Masumori et al. [48] found a similar type of spontaneous turn-taking behavior in human-robot imitative interactions. Those authors showed that humans or robots adapted to unexpected changes in the behavior of the imitating counterpart by spontaneously switching roles of leader and follower by analyzing the direction of influence (measured as transfer entropy) throughout the interaction. Similar spontaneous turn-taking was observed in social interaction studies in which behavior coordination emerged through spontaneous adaptation of human interactants [47] as well as simulated agents [15].
Beyond random, spontaneous turn-taking behavior, we further showed that turn-taking of leader-followers with joint intentions becomes possible when the meta-priors of both robots are designed to oscillate slowly in anti-phase. In such interactions, a shift in information flow (and causality) during robot interactions went along with shifting meta-priors and their effects on the strength of action intention projected. Therefore, turn-taking of leaders-followers between two robots became sequential rather than random.
While most turn-taking literature involving human agents has investigated the timing of stopping and starting in verbal conversations [50,51,52], Mlakar et al. [53] highlighted the importance of non-verbal behavioral cues that accompany those conversations. In particular, the possibility of two different types of turn-taking mechanisms, either by random perturbation or by sequential switching enabled by joint intention, is further supported by Riest et al. [51], who suggested that there are two possible ways to assign and switch roles in a turn-taking context. Roles are assigned either based on anticipation, where the follower makes predictions about the length of the turn in order to take the lead (anticipatory approach) or alternatively based on reaction, such that the follower does not anticipate, but reacts to signals from the leader (signaling approach). While the random/spontaneous turn-taking shown in our earlier experiments might be close to the signaling approach, the role switching by joint intention suggested in the second experiment using slowly oscillating meta-priors might be close to the anticipatory approach, in which two agents agree upon taking turns in leading and following.
In the introduction, we introduced the notion of sensory attenuation as the neurobiological homologue of increasing prior precision (i.e., the meta-prior). Fluctuations in sensory attenuation can therefore be seen as essential for turn-taking, namely, attending and then ignoring the sensory consequences of co-constructed action is required. It is interesting to note that periodic fluctuations in sensory attenuation may also be essential for active sensing in general. A key example here is saccadic suppression [54,55,56]. Saccadic suppression can be read as the suspension of sensory precision during eye movements that enable prior expectations about saccades to be realised by the oculomotor system. Following each saccade, sensory attenuation is reversed enabling the foveal visual input to drive belief-updating in the visual hierarchy.
This interpretation of the meta-prior—as mediating sensory attenuation—is potentially important in translational neurorobotics.
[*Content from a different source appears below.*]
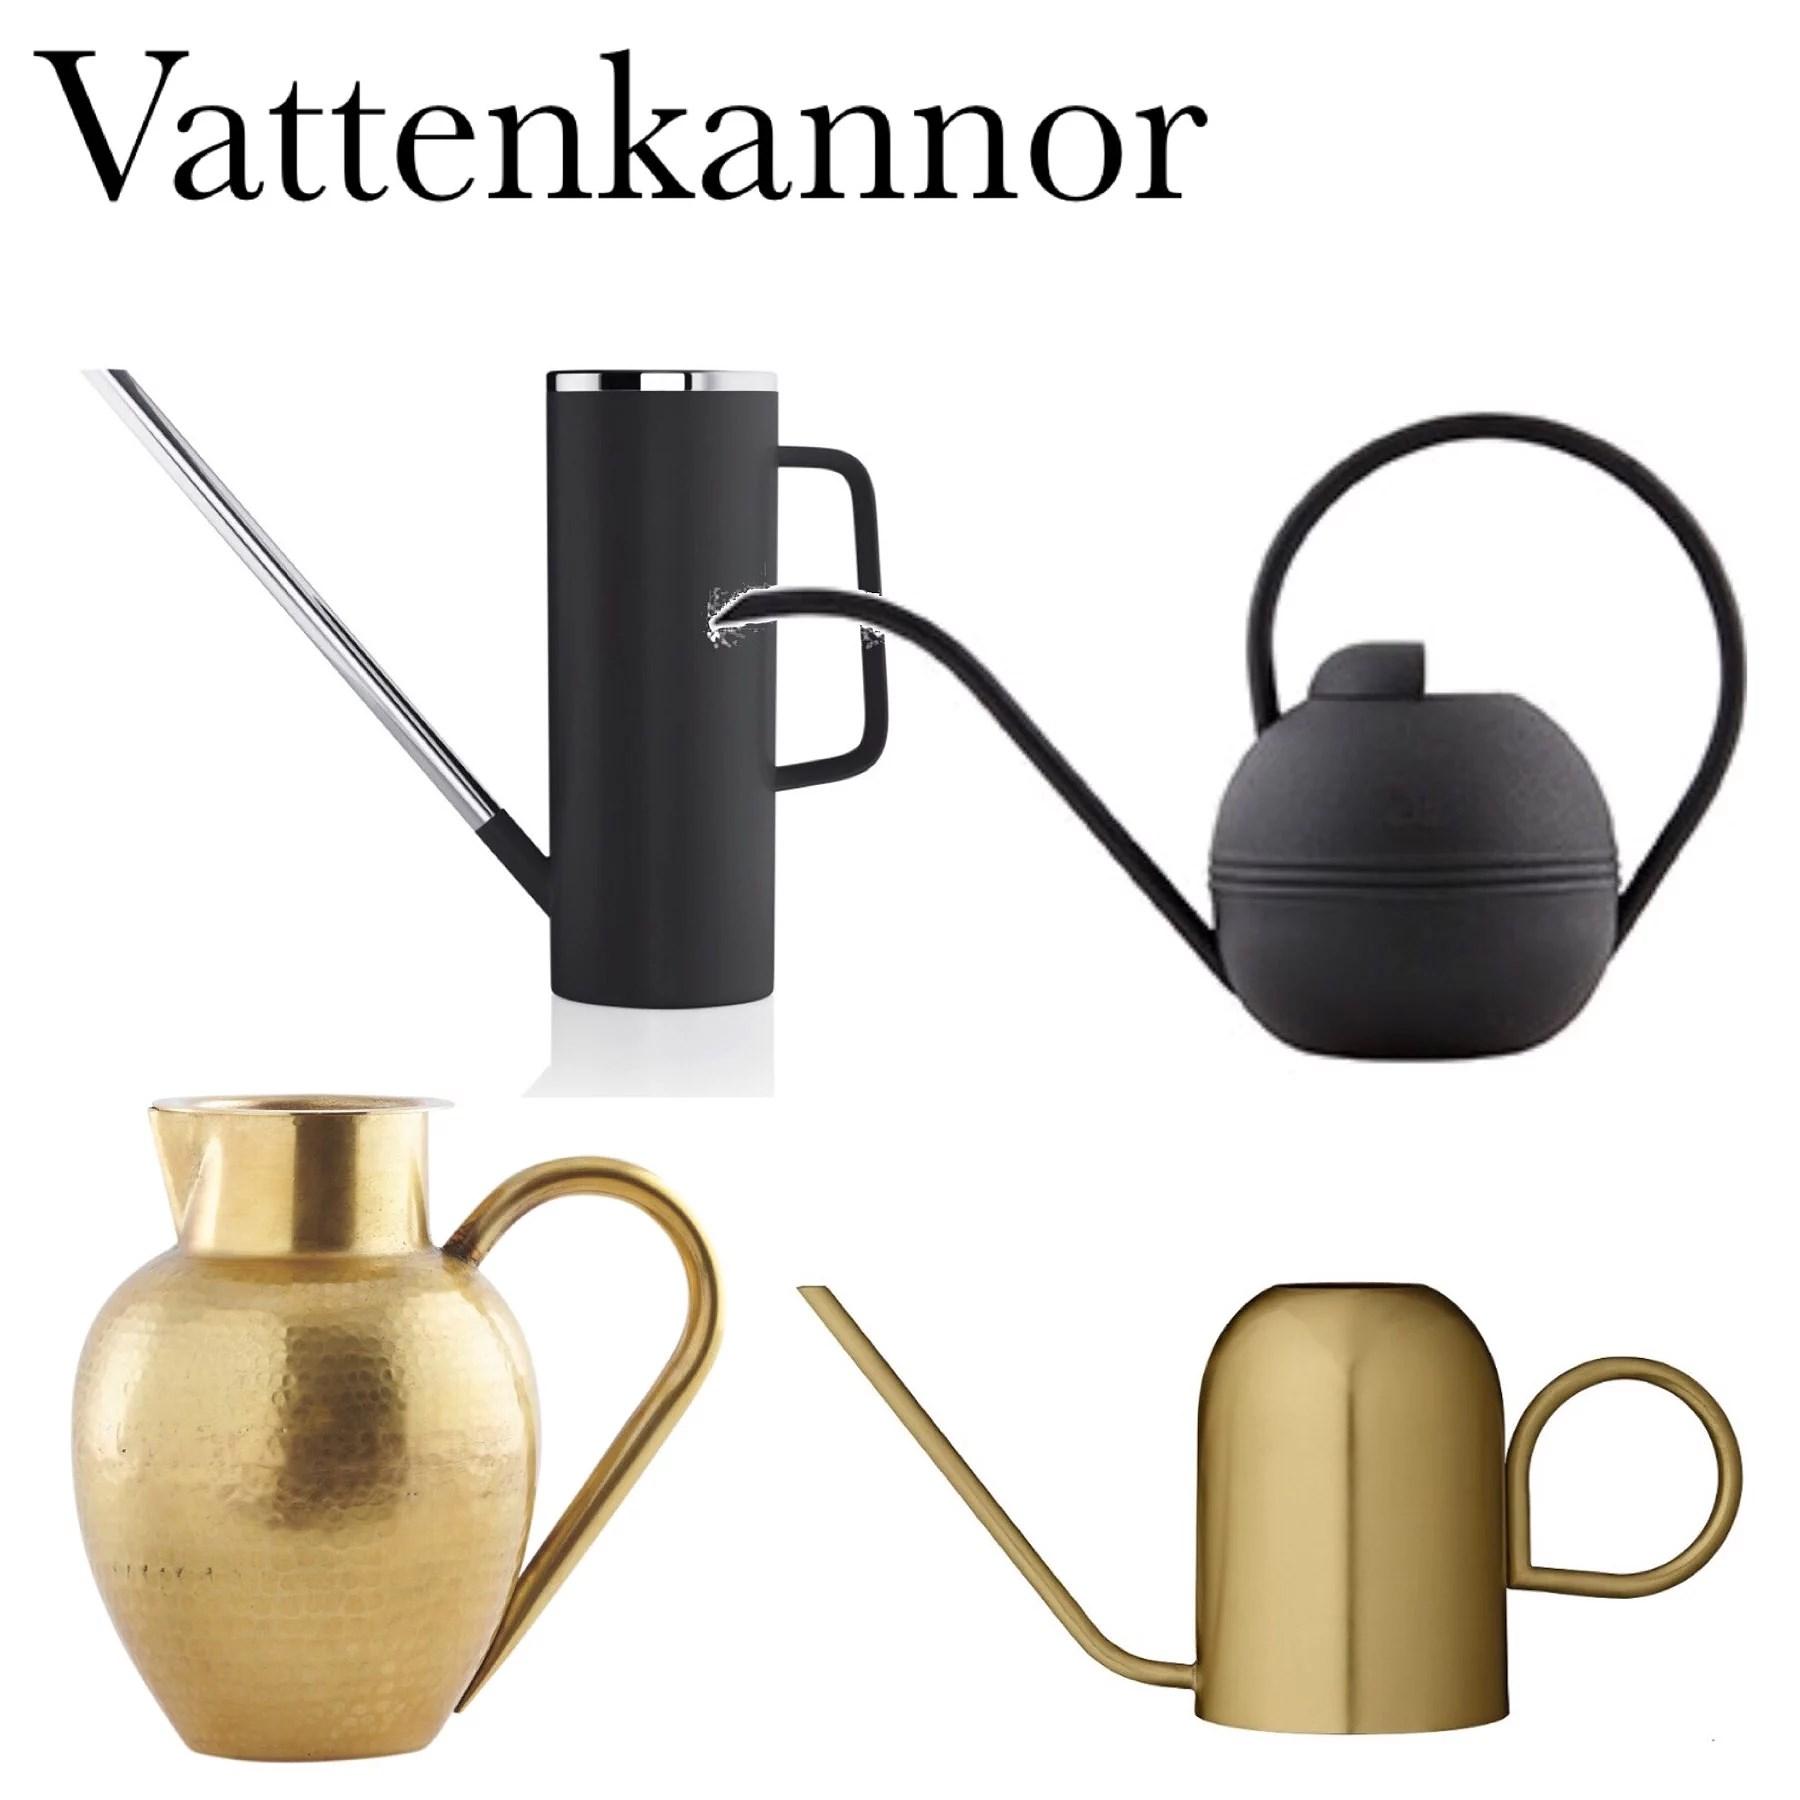 Vattenkannor - AYTM/Housedoctor/Blomus

This is because a failure of sensory attenuation has been posited for many psychiatric conditions [57,58,59,60]. Perhaps the best example here is autism. In severe cases of this condition, it may be that there is a failure to modulate the meta-prior; leading to a persistent failure of sensory attenuation and an inability to disengage from the sensorium [61,62,63]. This suggests that people with severe autism may find it very difficult to engage in turn-taking and, indeed, resort to avoidance behaviours that render self generated input highly predictable—because they cannot attenuate or ignore the proprioceptive consequences of their action. This may be an explanation for the self stimulation (stimming) behaviour characteristic of some patients with severe autism.
One crucial limitation in the current study is that the settings of meta-prior pairs for both robots were provided by the experimenters. Future studies should investigate possible adaptation mechanisms for meta-priors during interactions that can achieve an optimal balance between the top-down prior projection and the bottom-up posterior inference of sensory reality, depending on the assigned tasks. In particular, it is worth considering adaptation mechanisms that could develop leader-follower turn-taking with joint intention or mutual agreement. One plausible approach is to extend the current free energy formula, such that extended free energy can be minimized when turn-taking with joint intention is developed, so that the meta-priors of two robots will be treated as learnable variables. Such investigation is left for future studies.

Author Contributions

N.W. and J.T. conceived the presented idea. N.W. and W.O. developed the theory. N.W. designed the computational framework, carried out the experiments, and analyzed the data. N.W. and J.T. wrote the manuscript. All authors have read and agreed to the published version of the manuscript.

Funding

This work was funded by the Okinawa Institute of Science and Technology Graduate University.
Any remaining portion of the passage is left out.